The cache is contained in one physical location that has separate logical structures for forward and reverse lookup information. The cache data is organized by DNS name server, which permits different name servers to provide different values for a given host name or IP address.

For example, consider the installation shown in Figure 1. There are two TCP stacks; one TCP stack is used for the core production processing, and a second TCP stack is used for test purposes only. The stacks use different name servers to isolate test resources from the production environment. Each name server can potentially have different IPv4 (A record) definitions for the same host name, as is the case for host.ibm.com. If the test application issues a query for host.ibm.com, the test TCP stack directs the request to the test name server, and IP address 10.45.5.5 is obtained. If the production application issues the same query, a different IP address (10.145.5.5) is obtained. The resolver caches both responses but remembers which response was received from which name server, so that a subsequent request from the test application for host.ibm.com returns the correct test IP address, and not the production IP address.

Figure 1. Resolver caching process; each stack specifies one NSINTERRADDR value
Caching when each stack has different NSINTERADDR value;queries for host.ibm.com result in different IP addr for stacks

The resolver performs cache lookups using the NSINTERADDR search order list in the TCPIP.DATA data set. In Figure 1, each stack specifies a single NSINTERADDR value. More likely, in reality, multiple NSINTERADDR definitions are provided, as shown in Figure 2. In this example installation, if the primary name server is unavailable, a secondary name server is used instead. The resolver considers a cache entry that is associated with any name server in the NSINTERADDR list as a match for the target host name; the name resolution is complete and no DNS queries are sent to any of the name servers. The resolver searches the cache in the order that the name servers appear in the NSINTERADDR list; if multiple entries exist for the same target host name (one from each of the name servers in the NSINTERADDR list), the information provided by the first name server in the list is used. In Figure 2, if the test application issues a query for host.ibm.com, IP address 10.145.5.5 is obtained because the first name server IP address in the list is now the production name server (10.6.6.6). If the production application issues the same query, the same IP address, 10.145.5.5 is obtained because there is no entry in the cache for host.ibm.com from the first name server in the list, but there is cache information from the second name server (which is, again, 10.6.6.6).

Figure 2. Resolver caching process; each stack specifies multiple NSINTERRADDR values
The resolver caching process and query results when each stack specifies multiple NSINTERRADDR values.

IPv4 information and IPv6 information are cached as separate entries.

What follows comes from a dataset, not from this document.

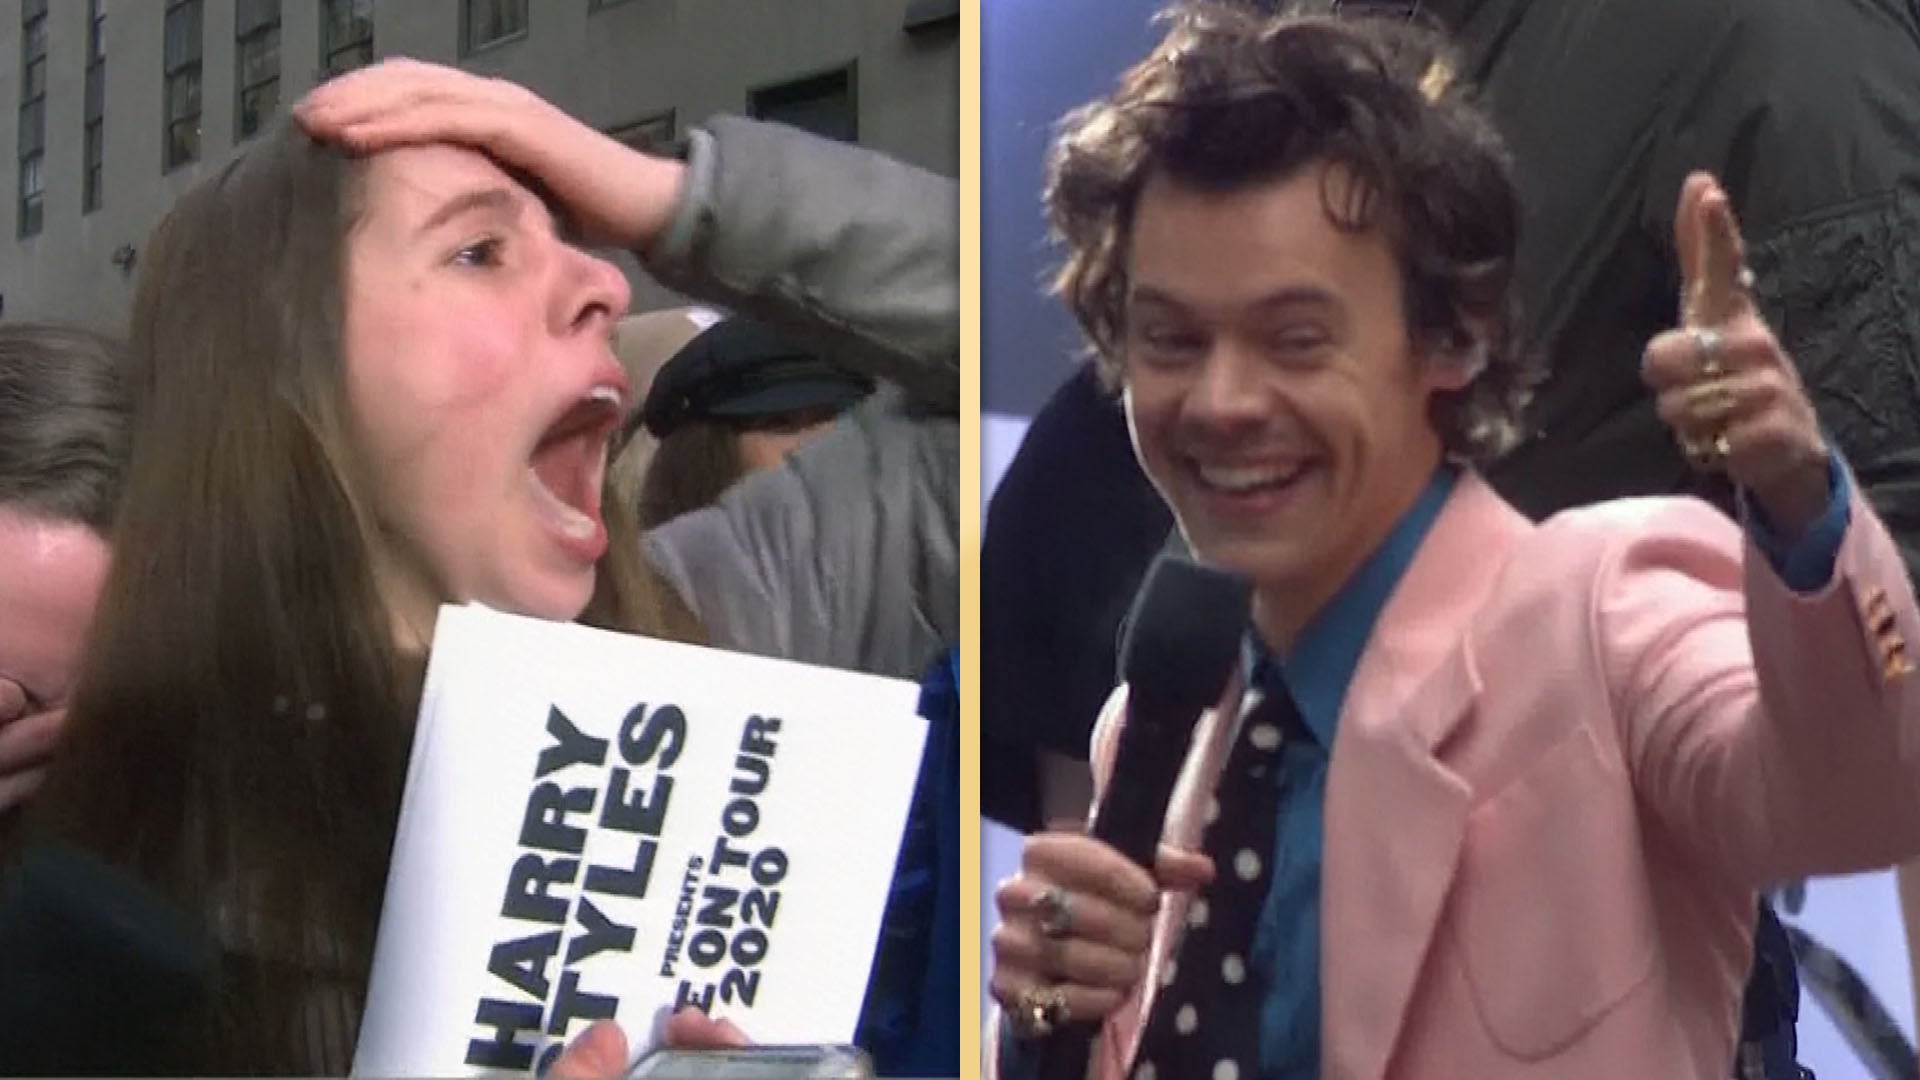 Harry Styles's New Short Hair Has Fans Screaming

A maximum of 35 IP addresses is saved per host name for each name server that provides data for that host name.

Tip: Resolver caching does not provide round-robin support for response data. DNS servers can be configured to use a round-robin method for ordering the IP addresses that are returned by queries, but the resolver always caches the information in the order in which it was received, and returns the IP addresses in the same order, as long as cache information is still valid.